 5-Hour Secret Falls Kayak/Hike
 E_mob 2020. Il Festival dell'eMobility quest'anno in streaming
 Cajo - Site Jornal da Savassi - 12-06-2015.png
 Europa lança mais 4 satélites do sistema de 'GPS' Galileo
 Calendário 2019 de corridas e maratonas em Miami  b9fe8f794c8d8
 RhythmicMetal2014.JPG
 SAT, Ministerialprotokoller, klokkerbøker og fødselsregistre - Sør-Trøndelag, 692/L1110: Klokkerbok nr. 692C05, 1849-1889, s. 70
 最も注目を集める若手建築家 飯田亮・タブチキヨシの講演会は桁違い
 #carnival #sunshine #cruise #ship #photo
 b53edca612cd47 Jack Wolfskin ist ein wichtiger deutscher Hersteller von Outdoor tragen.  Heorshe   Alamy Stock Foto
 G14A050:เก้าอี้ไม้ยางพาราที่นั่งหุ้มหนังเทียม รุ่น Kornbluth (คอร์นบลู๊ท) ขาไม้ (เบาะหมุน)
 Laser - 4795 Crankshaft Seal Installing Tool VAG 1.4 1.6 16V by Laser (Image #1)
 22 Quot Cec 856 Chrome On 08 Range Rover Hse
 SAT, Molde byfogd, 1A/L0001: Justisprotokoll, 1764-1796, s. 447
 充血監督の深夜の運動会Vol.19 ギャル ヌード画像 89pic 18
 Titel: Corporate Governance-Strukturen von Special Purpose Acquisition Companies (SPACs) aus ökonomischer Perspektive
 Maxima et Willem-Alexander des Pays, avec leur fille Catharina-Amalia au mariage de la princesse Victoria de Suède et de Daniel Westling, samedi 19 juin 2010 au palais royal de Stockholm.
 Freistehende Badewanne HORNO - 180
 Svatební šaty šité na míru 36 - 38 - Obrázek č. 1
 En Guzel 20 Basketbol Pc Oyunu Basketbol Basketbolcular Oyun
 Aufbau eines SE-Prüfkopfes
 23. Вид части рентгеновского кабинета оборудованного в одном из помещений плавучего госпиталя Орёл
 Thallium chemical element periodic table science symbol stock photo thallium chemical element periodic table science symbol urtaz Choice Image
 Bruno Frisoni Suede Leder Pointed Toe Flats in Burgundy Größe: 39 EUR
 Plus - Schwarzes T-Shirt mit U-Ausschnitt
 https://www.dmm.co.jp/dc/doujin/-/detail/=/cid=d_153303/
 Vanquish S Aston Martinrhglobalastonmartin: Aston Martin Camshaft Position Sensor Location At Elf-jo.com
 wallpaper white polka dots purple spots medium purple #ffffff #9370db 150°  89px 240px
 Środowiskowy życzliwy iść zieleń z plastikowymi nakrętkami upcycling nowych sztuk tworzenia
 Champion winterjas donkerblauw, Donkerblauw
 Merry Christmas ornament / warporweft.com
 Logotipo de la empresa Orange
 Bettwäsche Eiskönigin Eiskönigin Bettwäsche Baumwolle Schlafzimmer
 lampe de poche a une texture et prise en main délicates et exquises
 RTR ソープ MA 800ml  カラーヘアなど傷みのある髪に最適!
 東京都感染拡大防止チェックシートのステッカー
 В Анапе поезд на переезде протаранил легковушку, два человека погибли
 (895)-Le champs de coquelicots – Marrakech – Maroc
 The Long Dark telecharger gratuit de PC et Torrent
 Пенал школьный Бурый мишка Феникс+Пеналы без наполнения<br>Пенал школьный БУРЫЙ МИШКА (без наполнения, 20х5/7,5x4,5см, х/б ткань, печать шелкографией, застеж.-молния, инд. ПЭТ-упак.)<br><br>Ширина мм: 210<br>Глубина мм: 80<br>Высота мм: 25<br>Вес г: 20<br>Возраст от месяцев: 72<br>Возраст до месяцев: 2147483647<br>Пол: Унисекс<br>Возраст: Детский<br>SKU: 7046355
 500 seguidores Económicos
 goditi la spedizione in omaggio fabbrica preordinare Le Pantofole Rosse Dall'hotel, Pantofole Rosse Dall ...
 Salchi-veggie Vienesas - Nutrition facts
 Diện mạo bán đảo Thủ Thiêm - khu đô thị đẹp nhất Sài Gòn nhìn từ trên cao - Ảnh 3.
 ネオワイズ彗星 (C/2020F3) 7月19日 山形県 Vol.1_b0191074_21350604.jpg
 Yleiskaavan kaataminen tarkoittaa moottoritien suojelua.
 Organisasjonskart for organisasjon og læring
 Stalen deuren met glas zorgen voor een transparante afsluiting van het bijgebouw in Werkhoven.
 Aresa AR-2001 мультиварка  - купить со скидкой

**Exercise brief**
The lines from the beginning of the records through the line containing "Merry Christmas ornament / warporweft.com" should be reproduced exactly. Include nothing else.

**Answer area**
 5-Hour Secret Falls Kayak/Hike
 E_mob 2020. Il Festival dell'eMobility quest'anno in streaming
 Cajo - Site Jornal da Savassi - 12-06-2015.png
 Europa lança mais 4 satélites do sistema de 'GPS' Galileo
 Calendário 2019 de corridas e maratonas em Miami  b9fe8f794c8d8
 RhythmicMetal2014.JPG
 SAT, Ministerialprotokoller, klokkerbøker og fødselsregistre - Sør-Trøndelag, 692/L1110: Klokkerbok nr. 692C05, 1849-1889, s. 70
 最も注目を集める若手建築家 飯田亮・タブチキヨシの講演会は桁違い
 #carnival #sunshine #cruise #ship #photo
 b53edca612cd47 Jack Wolfskin ist ein wichtiger deutscher Hersteller von Outdoor tragen.  Heorshe   Alamy Stock Foto
 G14A050:เก้าอี้ไม้ยางพาราที่นั่งหุ้มหนังเทียม รุ่น Kornbluth (คอร์นบลู๊ท) ขาไม้ (เบาะหมุน)
 Laser - 4795 Crankshaft Seal Installing Tool VAG 1.4 1.6 16V by Laser (Image #1)
 22 Quot Cec 856 Chrome On 08 Range Rover Hse
 SAT, Molde byfogd, 1A/L0001: Justisprotokoll, 1764-1796, s. 447
 充血監督の深夜の運動会Vol.19 ギャル ヌード画像 89pic 18
 Titel: Corporate Governance-Strukturen von Special Purpose Acquisition Companies (SPACs) aus ökonomischer Perspektive
 Maxima et Willem-Alexander des Pays, avec leur fille Catharina-Amalia au mariage de la princesse Victoria de Suède et de Daniel Westling, samedi 19 juin 2010 au palais royal de Stockholm.
 Freistehende Badewanne HORNO - 180
 Svatební šaty šité na míru 36 - 38 - Obrázek č. 1
 En Guzel 20 Basketbol Pc Oyunu Basketbol Basketbolcular Oyun
 Aufbau eines SE-Prüfkopfes
 23. Вид части рентгеновского кабинета оборудованного в одном из помещений плавучего госпиталя Орёл
 Thallium chemical element periodic table science symbol stock photo thallium chemical element periodic table science symbol urtaz Choice Image
 Bruno Frisoni Suede Leder Pointed Toe Flats in Burgundy Größe: 39 EUR
 Plus - Schwarzes T-Shirt mit U-Ausschnitt
 https://www.dmm.co.jp/dc/doujin/-/detail/=/cid=d_153303/
 Vanquish S Aston Martinrhglobalastonmartin: Aston Martin Camshaft Position Sensor Location At Elf-jo.com
 wallpaper white polka dots purple spots medium purple #ffffff #9370db 150°  89px 240px
 Środowiskowy życzliwy iść zieleń z plastikowymi nakrętkami upcycling nowych sztuk tworzenia
 Champion winterjas donkerblauw, Donkerblauw
 Merry Christmas ornament / warporweft.com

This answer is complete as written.